It's a common issue - as I mentioned the Symbian folks bury any mention of
the call deep in their SDK (and only mention it once).

>
> I suppose that the obvious place to put the call to CloseSTDLIB() is in
> lua_close(), but the Lua docs say that you don't have to call lua_close().
>
> Also, in my port, Lua is supplied as a DLL, so will a call to CloseSTDLIB
be
> made in the correct context there, i.e. when an app calls lua_close()
(which
> is in a DLL), will it be that app's STDLIB context that is "finalised"?

yah, good point.  I haven't dug into CloseSTDLIB(), but the docs state that
it deallocates the DLL's "thread-local storage" structure, _reent.  From
what I can gather, it seems that this deallocation will not cause any
catostrophic problems so long as the main app/exe no longer attempts to use
any of its STDLIB pointers or handles.  These handles include all
file-handles other than _STDOUT, _STDIN, and _STDERR (which are constants):
once CloseSTDLIB() is called in a thread you must assume all files are
closed and the handles are invalid.  Otherwise, since there's no STDLIB
Init() function, I'll wager the library is smart enough to (re)allocate the
_reent structure if/when needed: i.e., if you attempt to open a file after
calling CloseSTDLIB(), it will be able to open the file: but it will just
take a little bit of extra time to re-construct the thread-local storage.  I
haven't tested this, but I imagine it's the case...

Regardless, the constraint of losing all your file-handles after calling
CloseSTDLIB() will not be acceptable to all developers.  That being said,
off the top of my head I can think of three workarounds:

                         - status-quo, but document the issue: leave it up
to the developer to call CloseSTDLIB().
                         - construct a (external) reference counter for
STDLIB and document both its necessity and usage.
                         - don't use STDLIB in the DLL's.

So the first workaround seems the best-suited for lua; option two seems more
appropriate for larger projects that use lua, as well as other
STDLIB-dependent DLL's; and option three is for those projects where
developer codability and end-user experience is more important than the sw
maintenance cost of porting new lua releases to a non STDLIB-using Epoc
environment.  (I mention end-user experience because STDLIB doesn't ship
with all the Epoc devices: "Joe Psion" has to manually install STDLIB onto
his 5mx).


>
> In any case, I presume that if you have a normal C app compiled against
the
> library, it will implicitly call CloseSTDLIB when it exits, so doesn't
need
> this call (or worse, may crash if it's already been made).

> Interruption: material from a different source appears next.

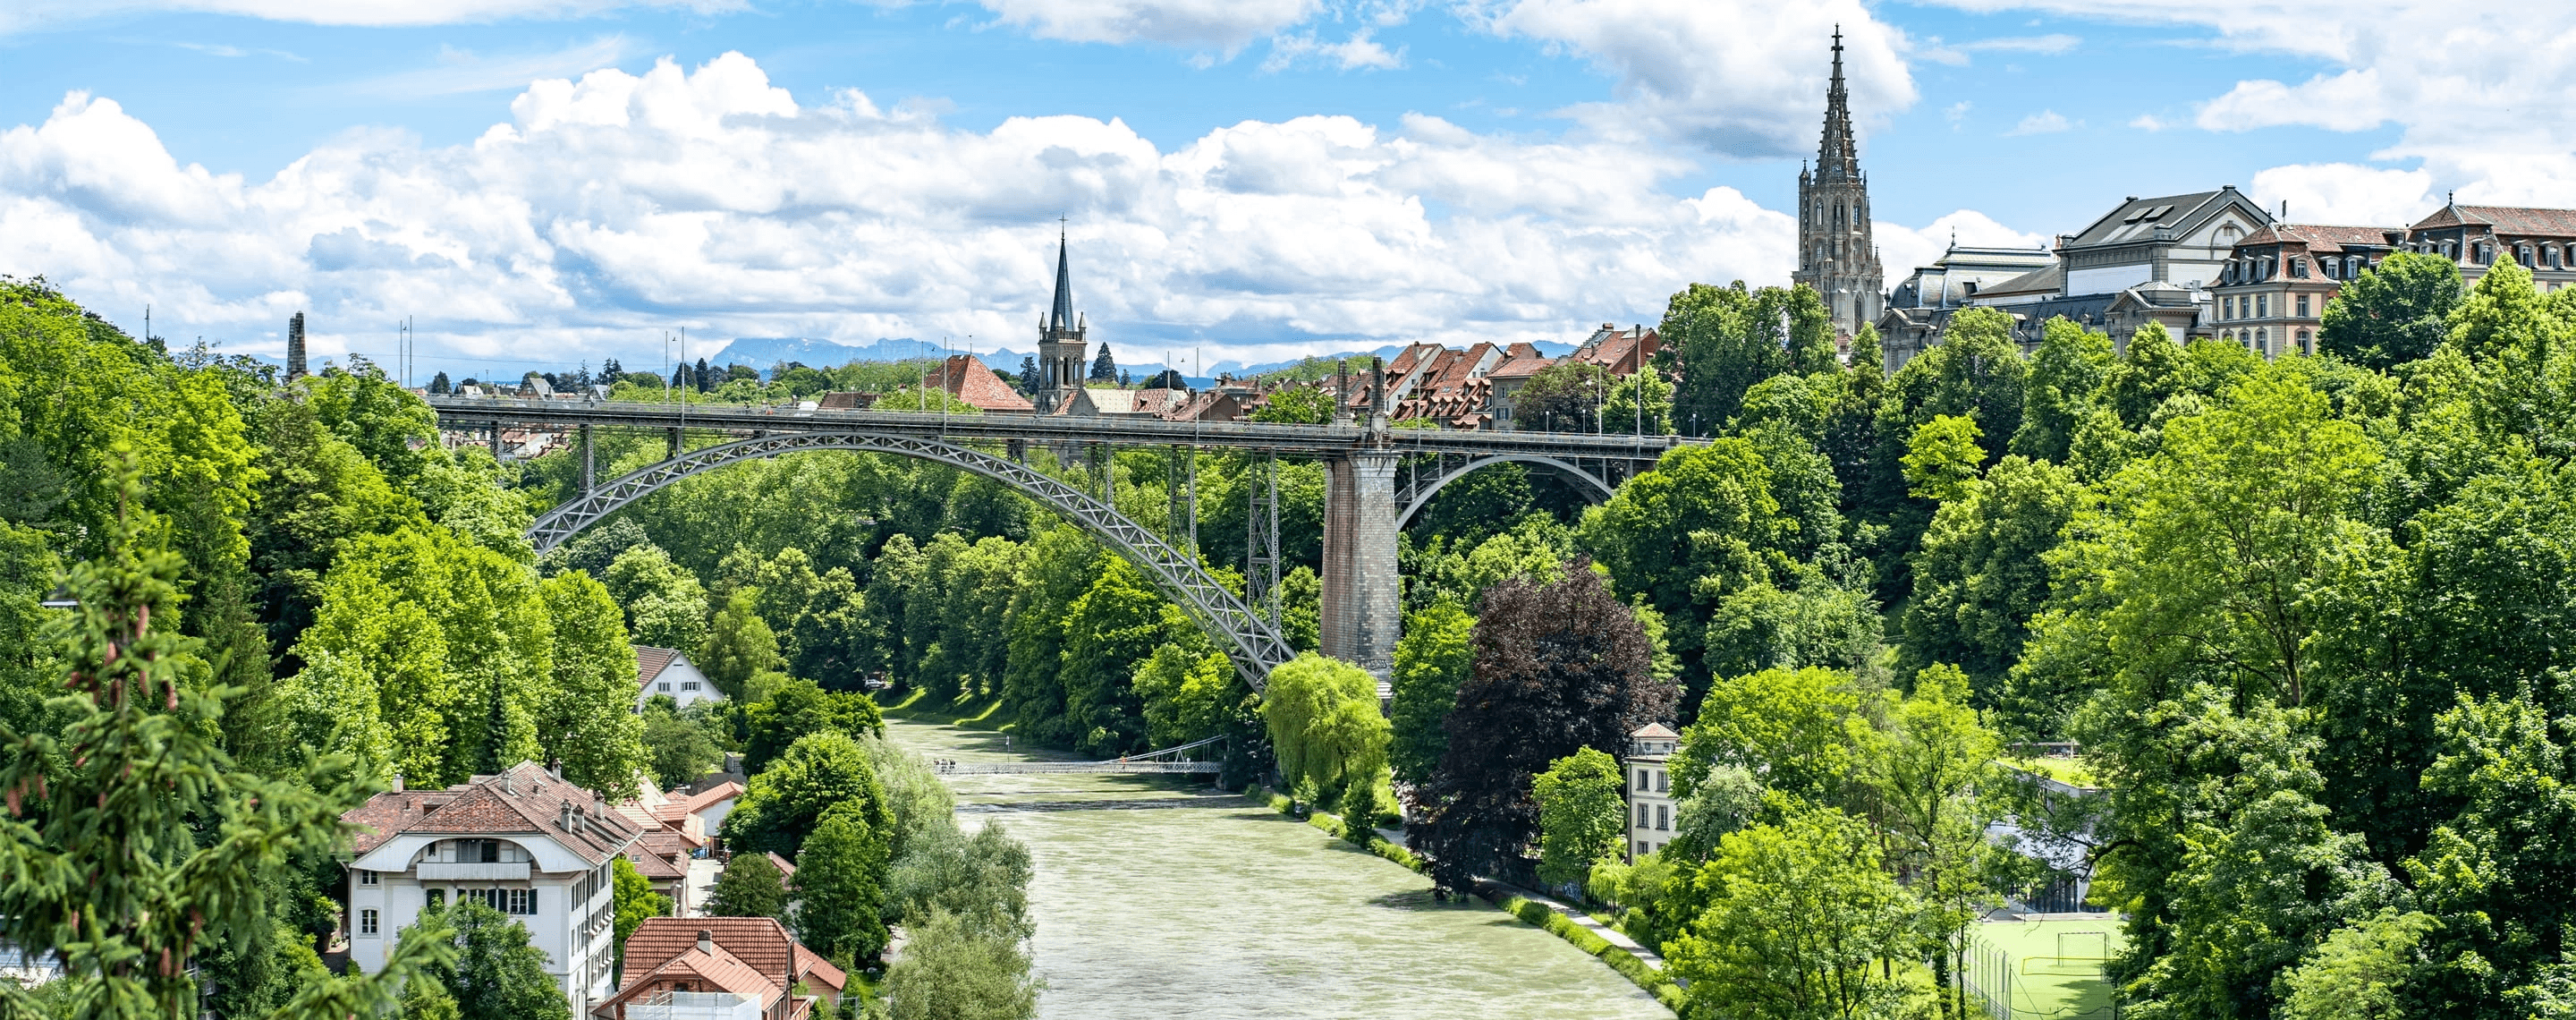 Sicht auf Fluss und Brücke in Bern, Schweiz

CloseSTDLIB() is not called, but the memory is cleaned up when
the -executable- (foo.exe) is terminated.  EIKON GUI-based applications
(foo.app), however, are not guaranteed to perform garbage-collection when
the app is exited: I believe this is why our Symbian friends added
CloseSTDLIB().

I have tested calling CloseSTDLIB() multiple times at app-exit, and that
seems to work just fine: this makes sense if all the call is doing is
cleaning up the thread-local storage.  But I'd want to dig a bit deeper
before a product-ship.... ;-)

>
> And what about OPL applications that use the Lua OPX? Where (if at all)
> should CloseSTDLIB be called for them?

Unfortunately I know almost nothing about OPX.  But I gather that, since OPL
probably sits on top of EIKON and probably doesn't use STDLIB, to be 100%
safe you'd have to explicitly call CloseSTDLIB() before the application
exits.

>
> I'd appreciate some guidance on this. Also on when exactly the app will
leak
> memory, and how much. I've not noticed any memory leak on my Revo (I even
> deleted MemFree a little while ago because in over a year of use it had
> never found any memory to reclaim), but I could be missing something...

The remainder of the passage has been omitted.